# elderberry



## Ted n Ms (Apr 25, 2008)

I have reading about making elderberry wine they all say 6 cups sugar or what ever the recipe calls for . Could i just sub. the same amount of honey.


----------



## Ted n Ms (Apr 25, 2008)

81 people viewed and nobody has an idea ?


----------



## Harley Craig (Sep 18, 2012)

It's been YEARS since I've brewed anything so my best advice would be to mix slow untill you got the specific gravity reading you wanted on your hydrometer


----------



## Ben Brewcat (Oct 27, 2004)

Sure. Read the stickied intro thread for a little more info on gravity and alcohol; it'll depend a lot on your yeast strain. Granular sugar (with zero water content) will lend a slightly higher gravity must than would honey, but you'll get a more meadlike product.


----------



## Bob J (Feb 25, 2013)

I would agree with Harley.... Add honey until your must hits the right OG for your taste.... My experience with regular elderberry wine is that it tended to be sweet like a sack mead but the nice thing about making it yourself is you can make it just the way you want it.... If there is any question undershoot it.... You can always backsweeten but if it's too sweet for your taste there is very little you can do to adjust it back down without ruining it....


----------



## Ted n Ms (Apr 25, 2008)

Good info. I like mine a little sweet with a good alcohol content.


----------



## John Davis (Apr 29, 2014)

Beemaid.com look for recipe converter


----------



## I'llbeedan (Mar 31, 2013)

Ted n Ms said:


> Good info. I like mine a little sweet with a good alcohol content.

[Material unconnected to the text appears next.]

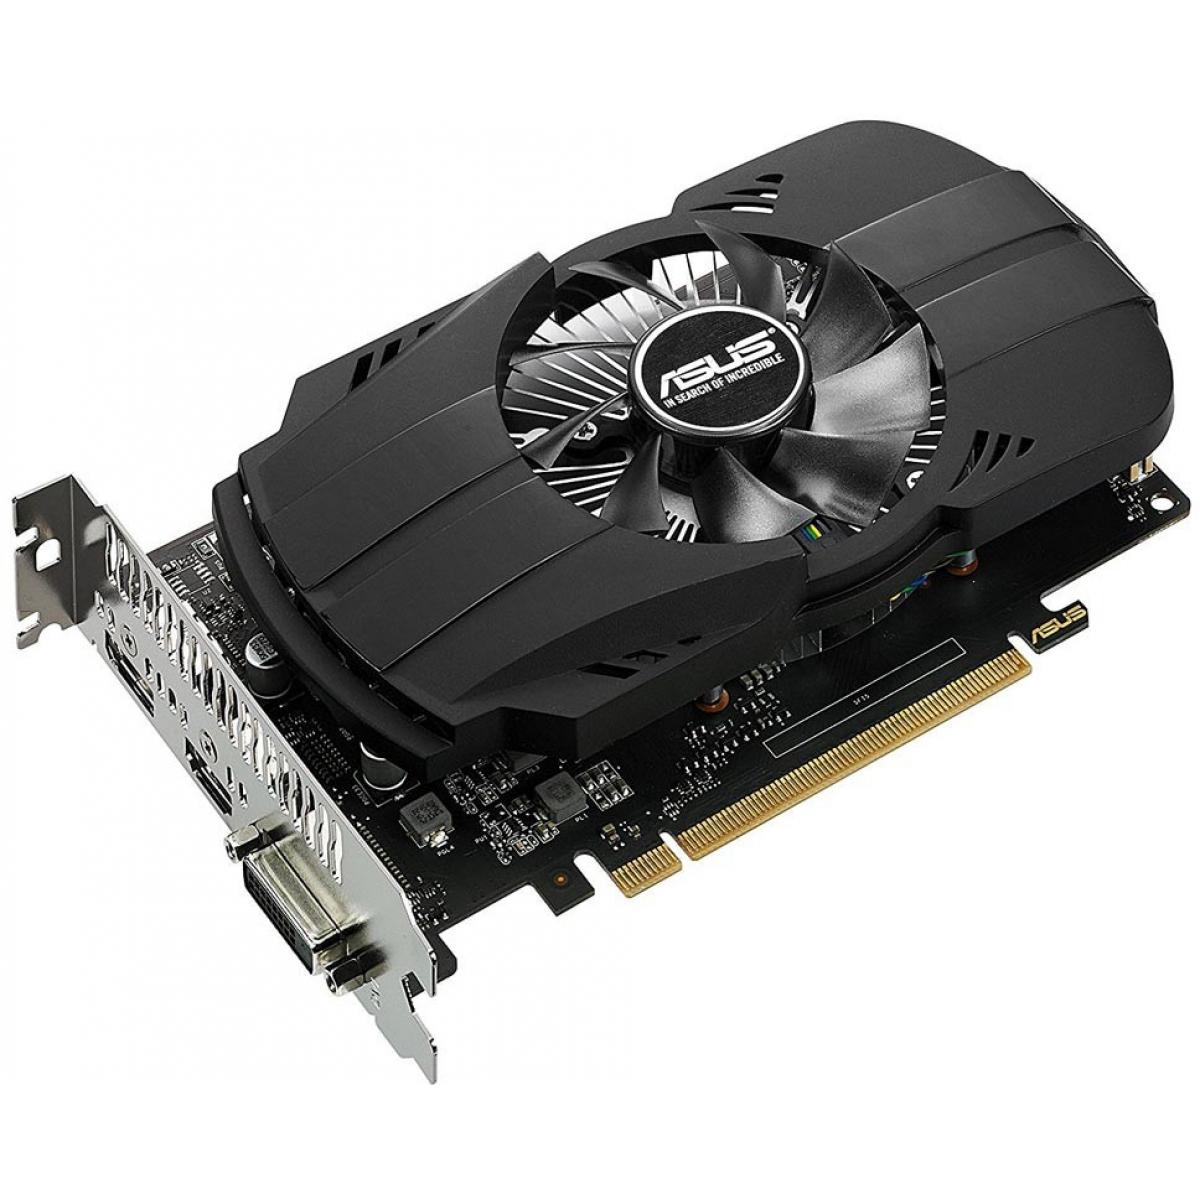 Placa de Vídeo Asus GeForce GTX 1050 TI 4GB PH-GTX1050 TI-4G GDDR5 PCI-EXP

 First you need to decide on the alcohol by volume, then decide weather you will use a residual sugar ferment, or back Sweeten. If the former you will need to find a yeast that has an alcohol tolerance close to your preferred alcohol by volume. and the amount of residual sugar desired in terms of specific gravity, then set the specific gravity to a point where after reaching the alcohol tolerance of the yeast the desired amount of residual sugar will remain. 
If choosing the later set the SG of the must to a point where the desired ABV will be reached at dryness., upon clarification and stabilization after bulk aging, Back sweeten with honey to taste


----------



## EvanS (Feb 27, 2015)

You may be better off finding an elderberry mead recipe and start from there. As far as SG/brix, what has been stated earlier sounds right. If you are trying to end fermentation with natural residual sugar and a normal ABV around 12%, you need to start with a higher sugar content and choose a yeast that dies off at that ABV. If you want a higher alcohol content then I would suggest a yeast like EC 1118 from Lallemand. It can withstand high alcohol before dying off. The other option, as stated by I'llbeedan, you can back sweeten after fermentation. Either way, if your alcohol is not high, ie 15% or higher, and you are shooting for a sweeter wine, you will want to be sure that you a make some type of addition to ensure you don't end up with refermentation in the bottle. With home brewing, the best bet to kill yeast is potassium sorbate and meta bisulfite. The meta is a standard addition for dry wines and the sorbate helps knock down the yeast before bottling.


----------